He Bian (Ch. 邊和) is a historian of late imperial and a historian of science. She got her Ph.D. in History of Science from Harvard University in 2014. Her research interests span many topics pertaining to the question of authority and variation in China’s traditional culture, particularly in medicine and the natural sciences, between the sixteenth and nineteenth centuries. Overall, her passion lies in writing a new kind of Chinese cultural history that foregrounds knowledge of all kinds, and is also rigorously contextualized by institutional, social, and economic conditions of the day.
Professor Bian's first book, Know Your Remedies: Pharmacy and Early Modern Culture in China, 1500-1800 came out from Princeton University Press in Spring 2020. An interview with the New Books Network can be found here.
She is at work on her second book project, The Formula of Happiness: A Social History of Medical Recipes in China’s Long Eighteenth Century. In academic year 2020-21, she is on leave researching this book project as a Henry Luce Foundation / ACLS Early Career Fellow, with additional funding from the National Endowment for Humanities. She is also writing a co-authored book on Manchu plant and animal names with Dr. Mårten Söderblom Saarela at Academia Sinica.
At Princeton, Professor Bian teaches introductory courses to Modern East Asia (HIS 208) and Early Modern China (HIS 324), an upper-level seminar on Medicine and Society in China (HIS 472), and a range of graduate seminars. She advises undergraduate and graduate students on topics related to Ming-Qing history, East Asian science, technology and medicine, and Manchu Studies. She has been recently elected President of the Manchu Studies Group.
Recent research articles:
“Of Wounded Bodies and the Old Manchu Archive: Documenting Personnel Management in the Early Manchu State.” Saksaha: A Journal of Manchu Studies 16 (2019): 1-29. (Open access at saksaha.org)
“Re-Collecting the Glorious Age: Yang Fuji and the Disciplining of Zhaodai congshu,” Late Imperial China 40.1 (June 2019): 1-41.

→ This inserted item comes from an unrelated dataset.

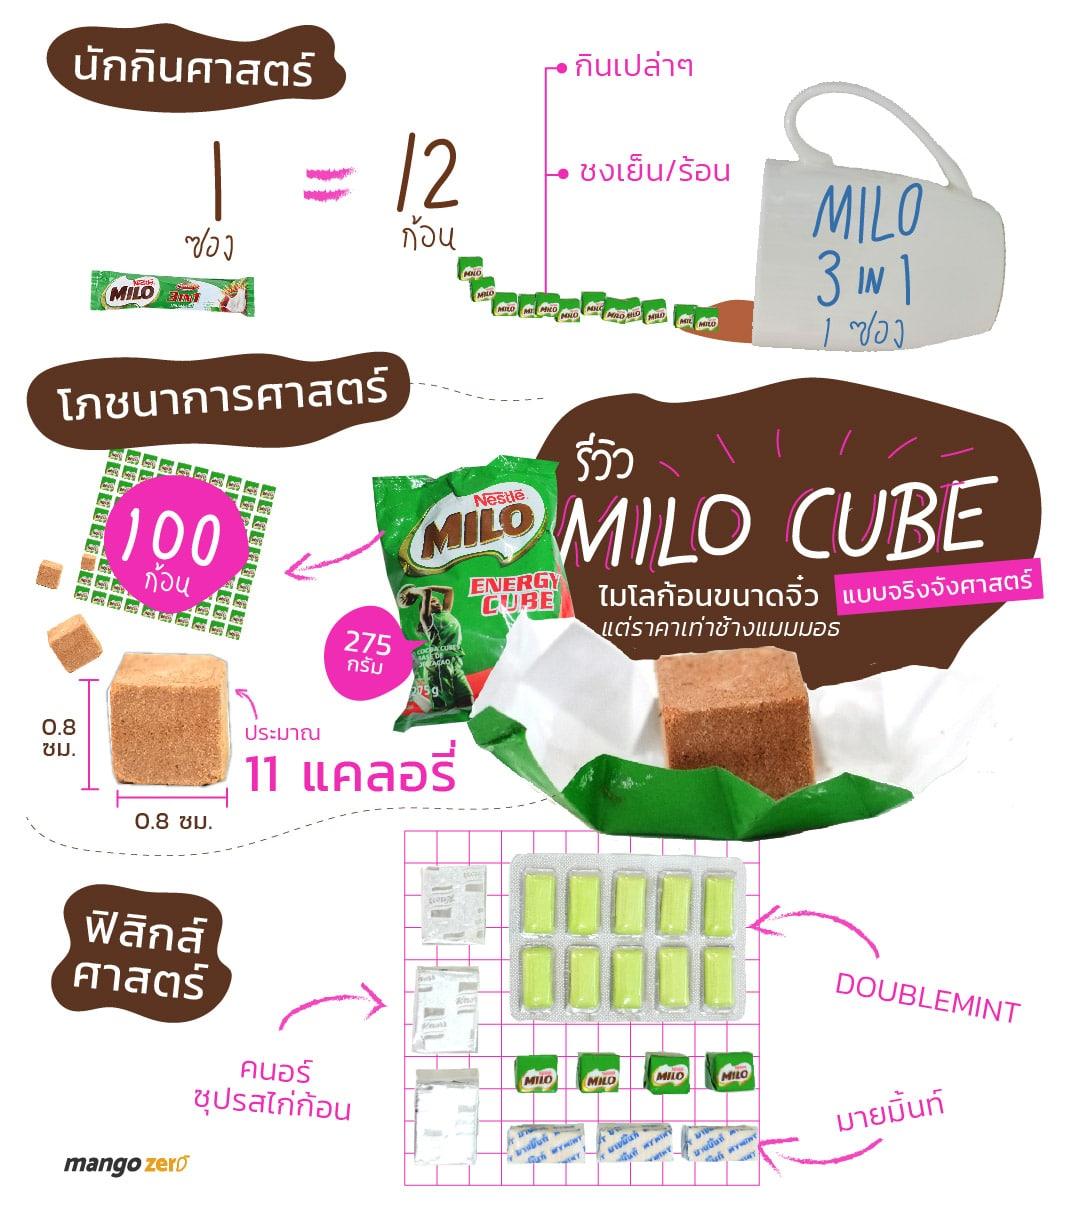 milo-energy-cube-3
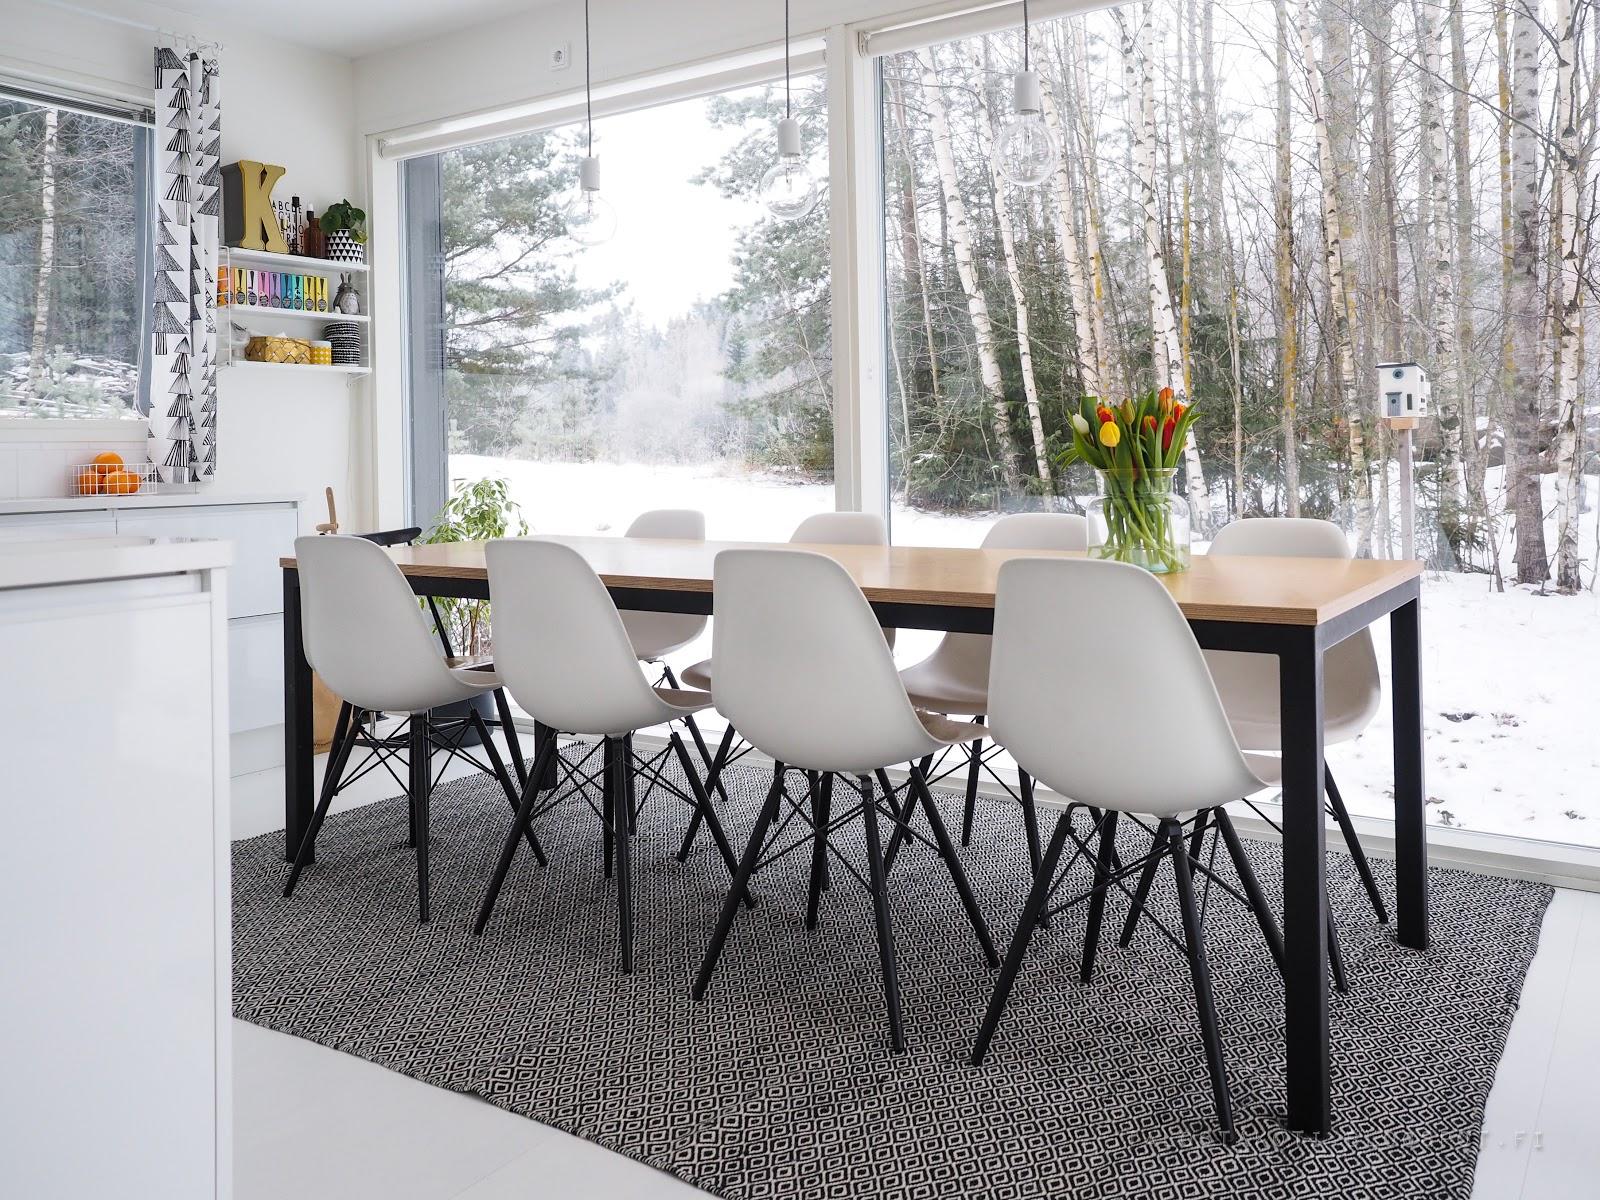 keittiö, maisema, vitran tuolit

“An Ever-Expanding Pharmacy: Zhao Xuemin and the Conditions for New Knowledge in Eighteenth-Century China,” Harvard Journal of Asiatic Studies 77.2 (2017): 287-319.
“Documenting Medications: Patients’ Demand, Physicians’ Virtuosity, and Genre-Mixing of Prescription-Cases (Fang’an) in Seventeenth-Century China,” Early Science & Medicine 22.1 (2017): 1-21.4.
“Too Sick to Serve: Politics of Illness in Qing Civil Bureaucracy,” Late Imperial China 33.2 (December 2012): 40-75.